Он только часто и убедительно просил Фрица ничего не говорить барышням Вебер о его времяпровождении. Он чувствовал, что этим новоприобретенным талантом он там лавров не стяжает. Но любимой его мечтой, тайным его сердечным желанием, было держать когда-нибудь в своих руках длинные, белокурые волосы Марты и заплетать их по-новому, в художественно-красивые косы.

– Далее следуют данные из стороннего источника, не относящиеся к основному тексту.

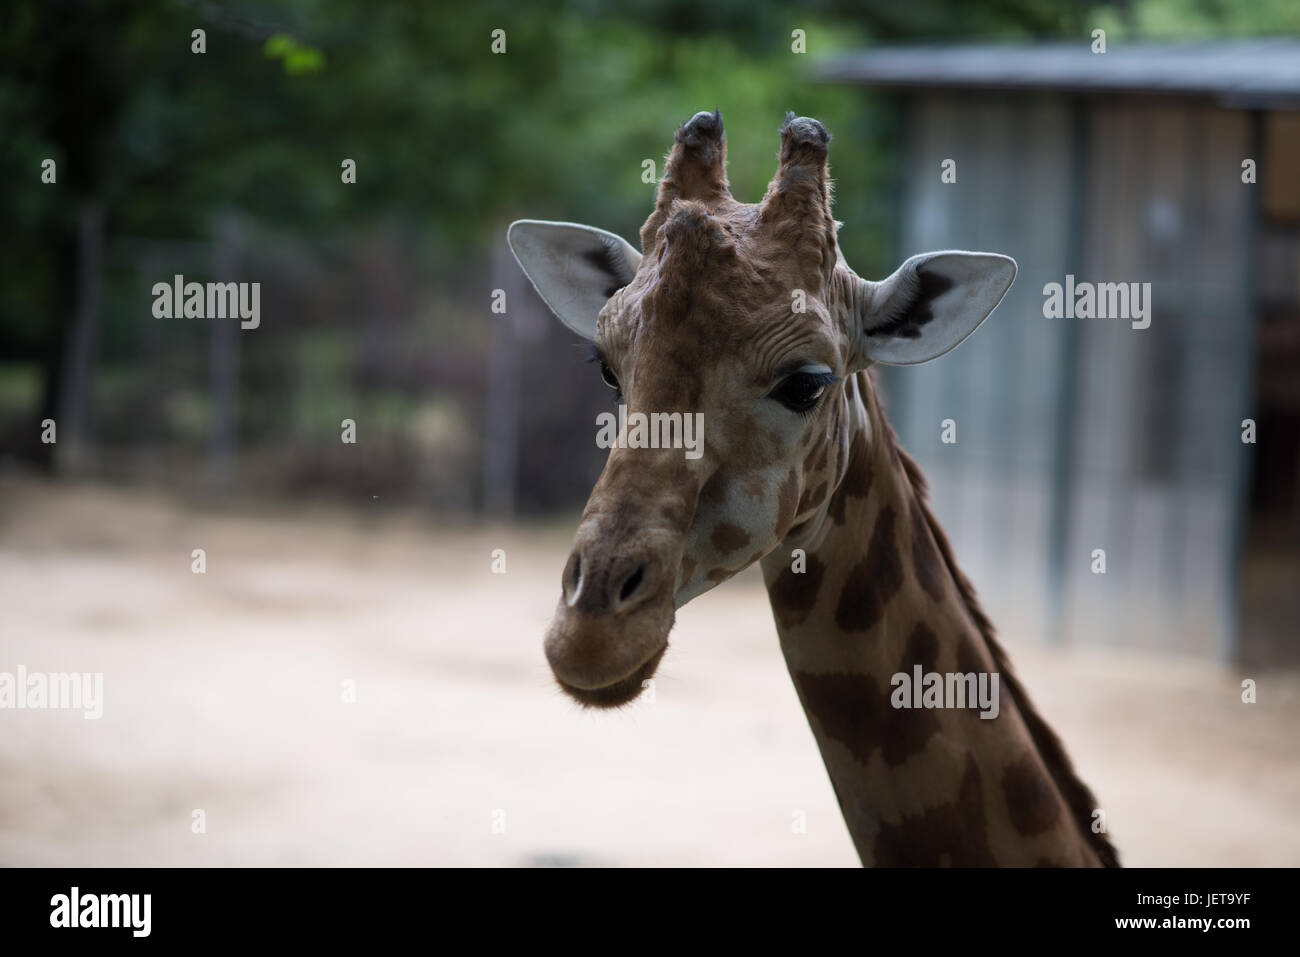 giraffe Stock Photo

Так прошли летние дни и недели. В один из последних дней августа Ладидель участвовал в загородной прогулке семьи Вебер. Пошли вдоль реки, на гору, к развалинам крепости и отдыхали в тени на зеленом косогоре. Марта была в этот день особо приветлива и ласкова с Ладиделем. Она лежала недалеко от него на зеленом откосе, составляла букет из последних полевых цветов, прибавила к нему еще несколько серебристых, трепетных гвоздик, была мила, прелестна, и Альфред не мог отвести от нее глаз. Вдруг он заметил, что прическа ее сбилась немного. Он придвинулся к ней, сказал ей это, и отважился – протянул руки к ее белокурым волосам и спросил разрешения привести их в порядок. Но Марта, непривычная к такой фамильярности с его стороны, вспыхнула, рассердилась, сухо отстранила его, и попросила сестру подколоть распустившиеся волосы. Альфред огорченно и немного обиженно замолк, смутился, и когда вернулись в город и пригласили его ужинать к Веберам, не принял приглашения и пошел своей дорогой. Это была первая маленькая размолвка между влюбленными, и она могла бы сблизить их, ускорить развязку, но сложилось иначе, – разыгрались другие события. Альфред Ладидель был простого и приятного нрава, и рожден был для счастья, но ему суждено было пережить и бурю и сразиться со стихией прежде, чем благословенное судно его достигло гавани.
Глава третья
У Марты никакого намерения не было обидеть Ладиделя и она очень удивилась, когда прошла неделя и больше, а он не показывался. Ей жаль было его и ей сильно хотелось опять увидеть его. Но когда прошло восемь и десять дней, а он все не шел и, видимо, сердился не на шутку, она подумала, что, в сущности, никогда и права не давала ему разыгрывать роль влюбленного. И в свою очередь стала сердиться. Если он придет и будет разыгрывать милостиво простившего, то она покажет ему, как сильно он ошибся.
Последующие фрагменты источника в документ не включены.